(Recorded information):
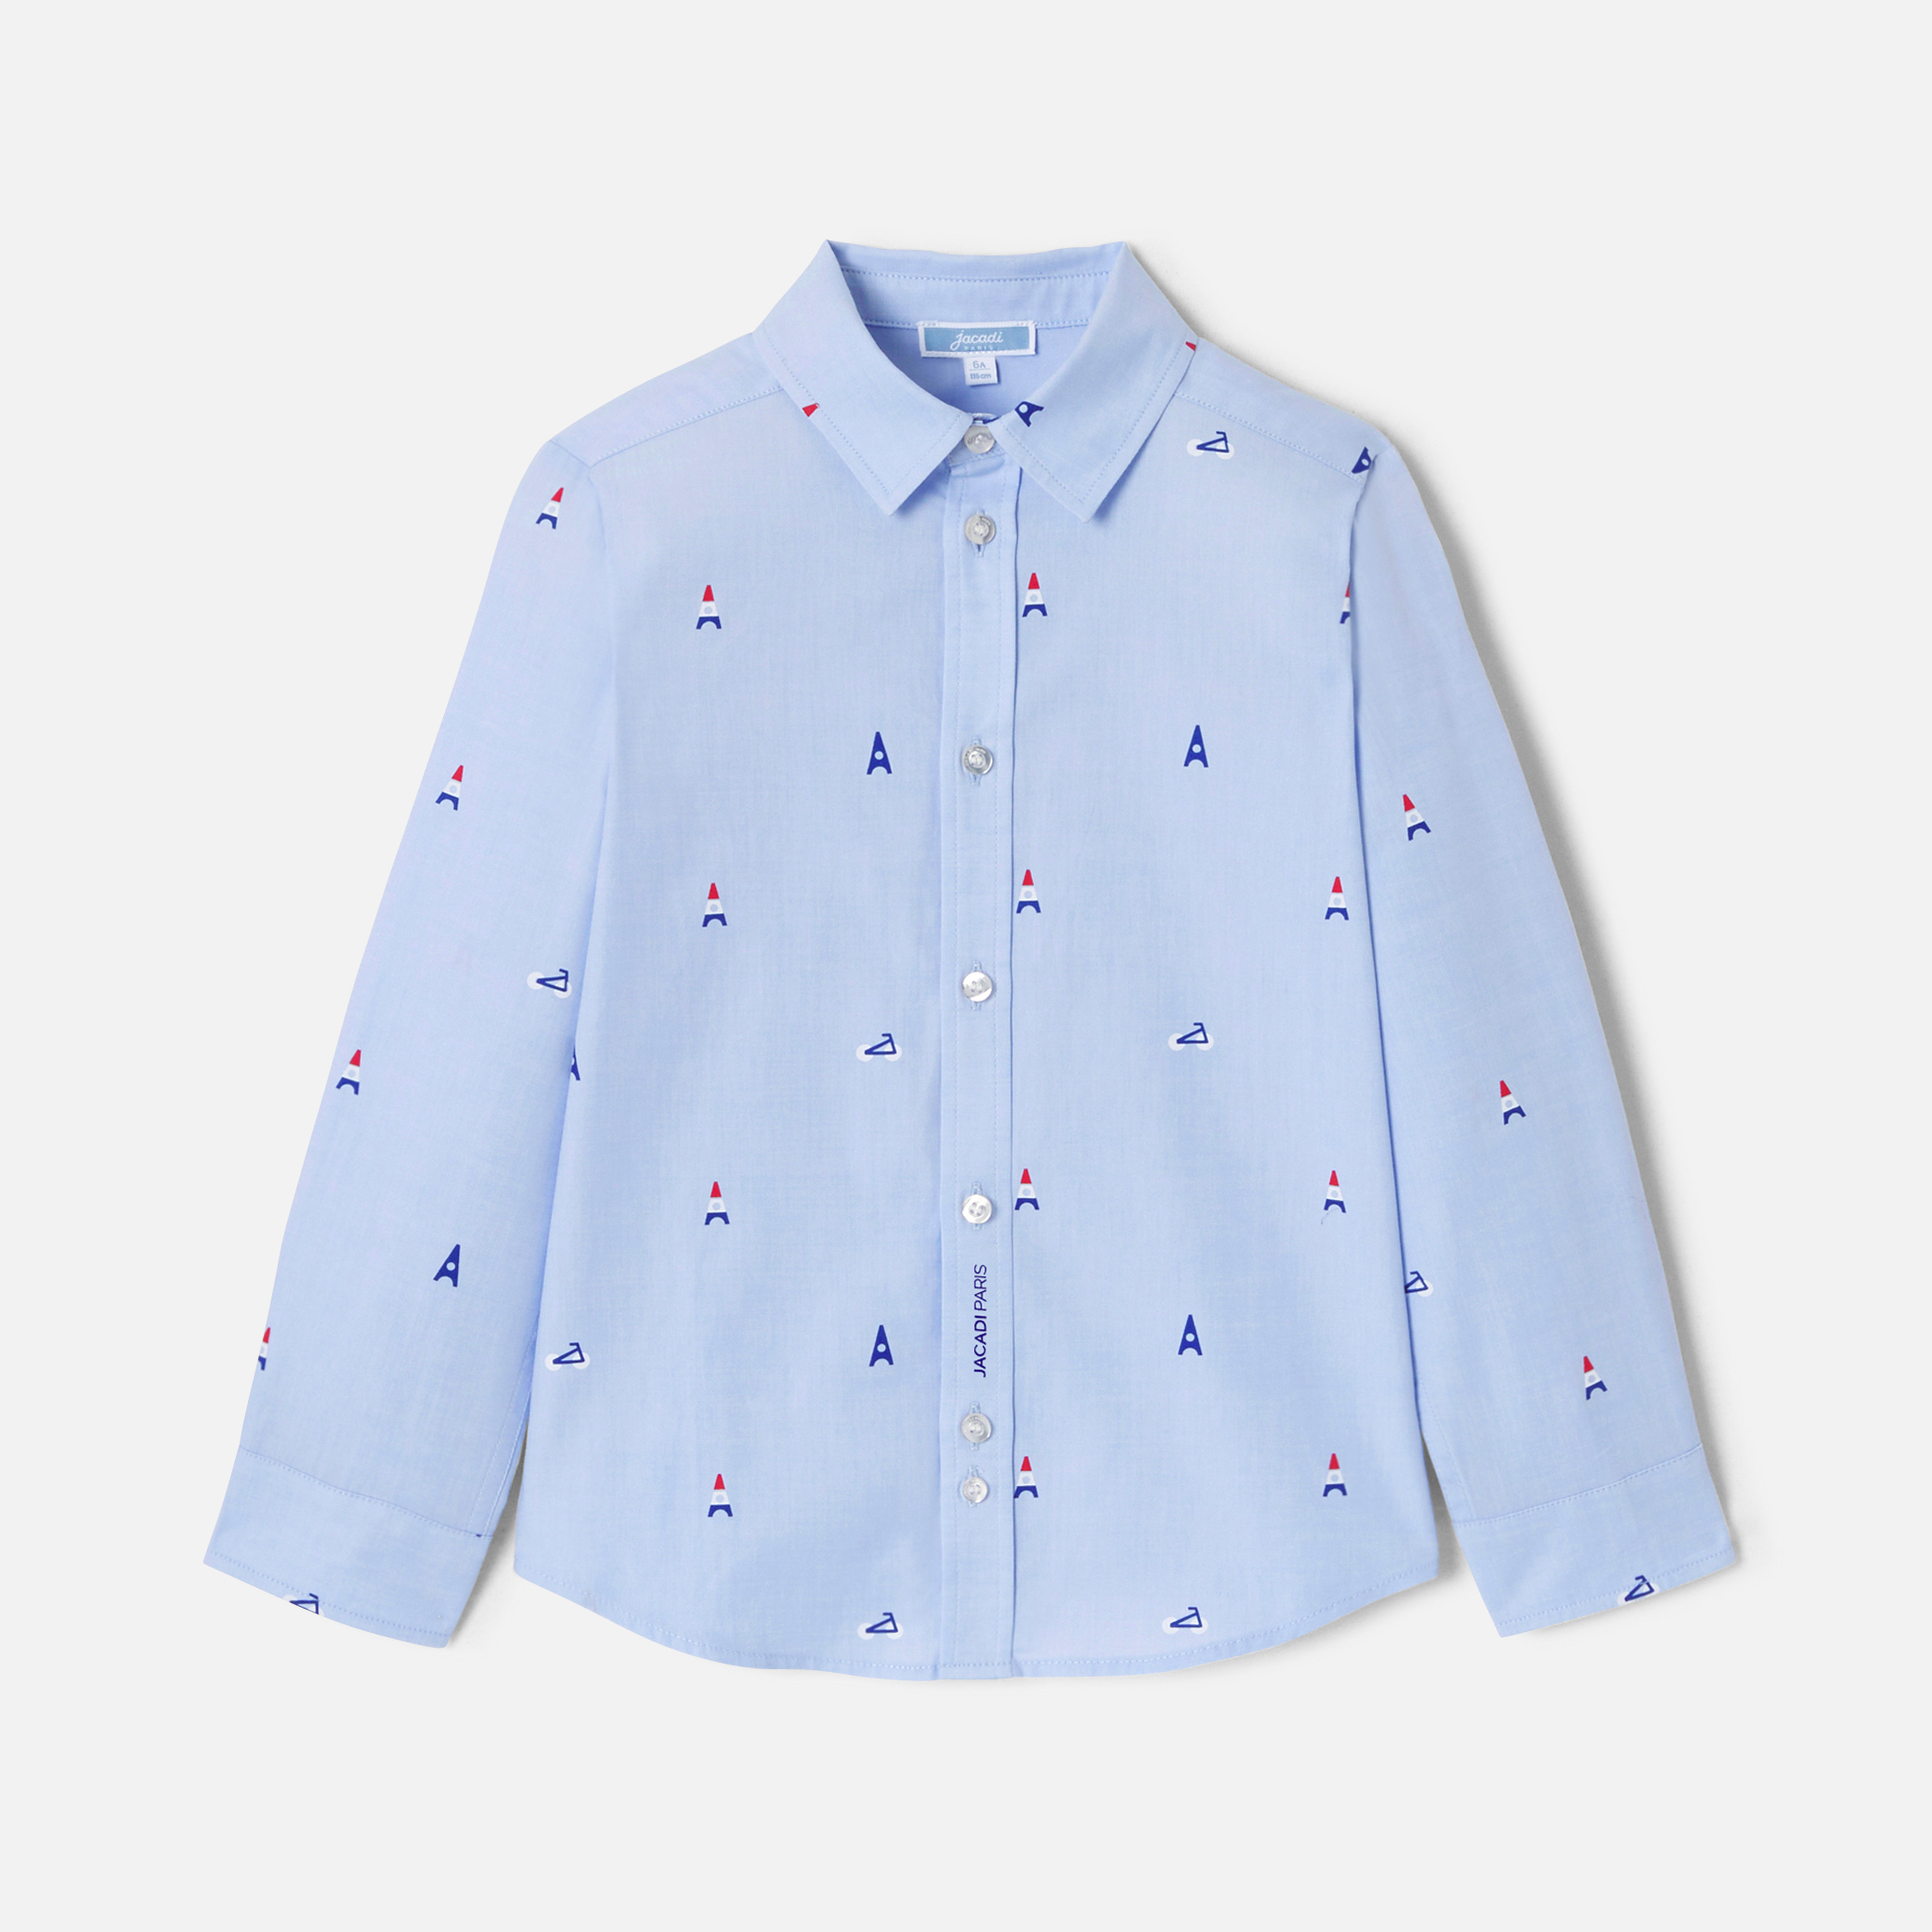 Boy shirt with Parisian motifs
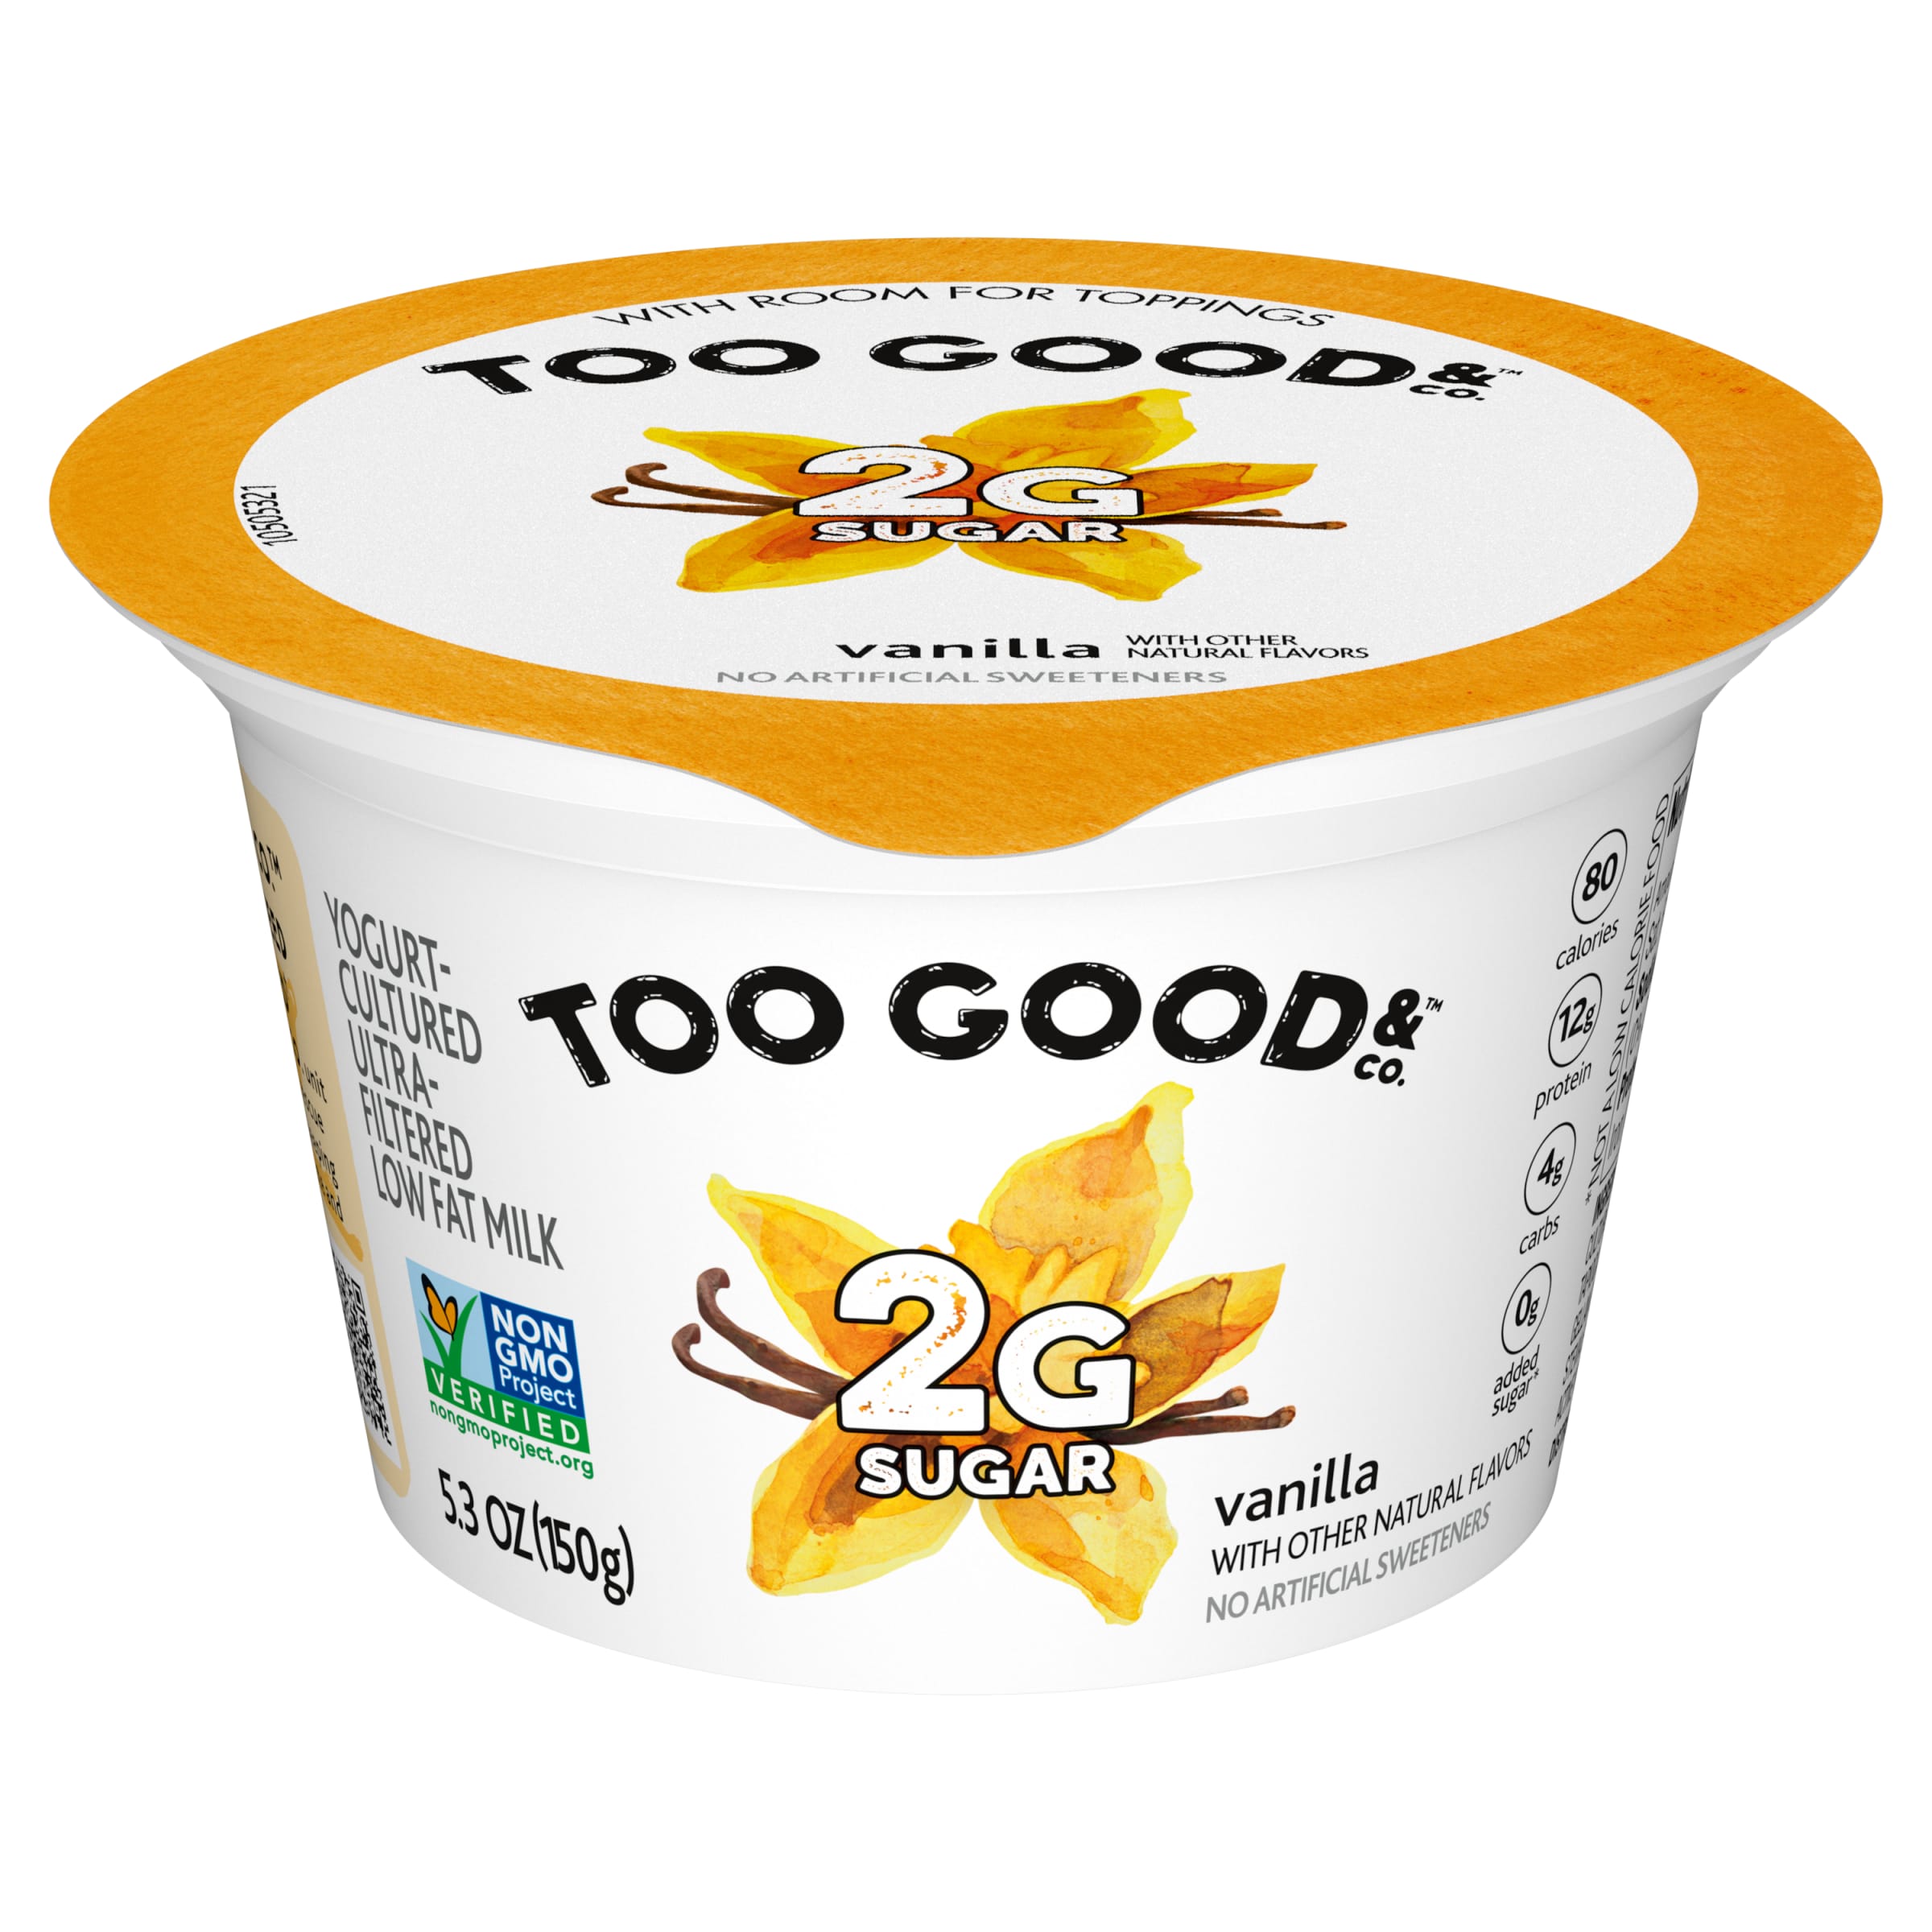 Too Good & Co. Lower Sugar Vanilla Flavored Low Fat Greek Yogurt Cultured Product, 5.3 oz - image 1 of 11
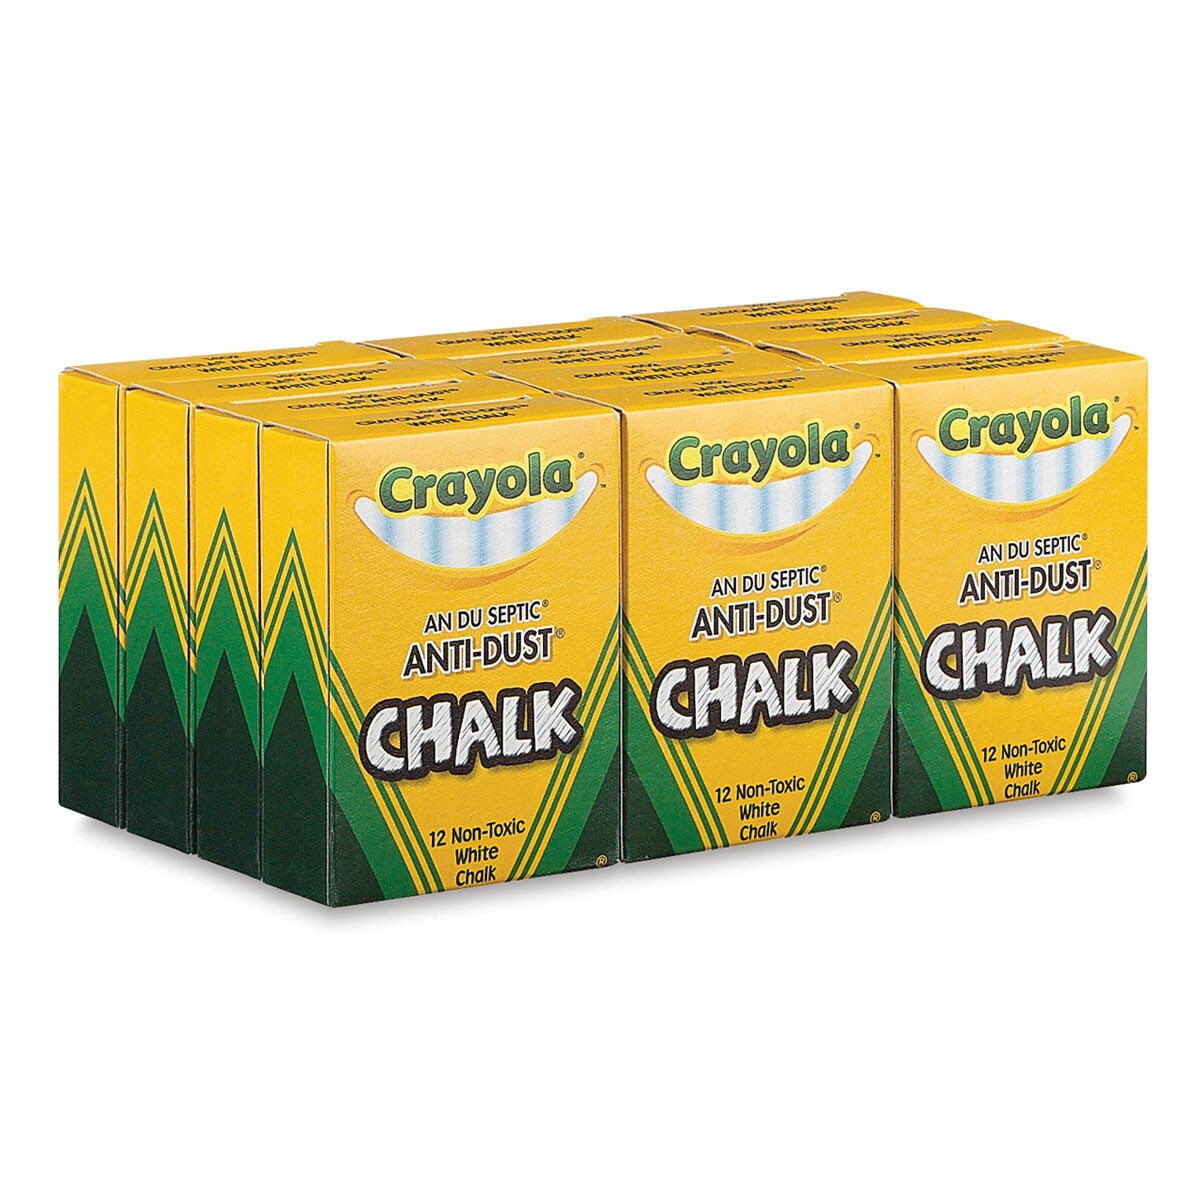 Crayola Anti-Dust Chalk - White, Pack of 144

(How to complete this task): Word for word, restate all of the material, omitting the images.

(Solution to this exercise):
 Boy shirt with Parisian motifs
 Too Good & Co. Lower Sugar Vanilla Flavored Low Fat Greek Yogurt Cultured Product, 5.3 oz - image 1 of 11
 Crayola Anti-Dust Chalk - White, Pack of 144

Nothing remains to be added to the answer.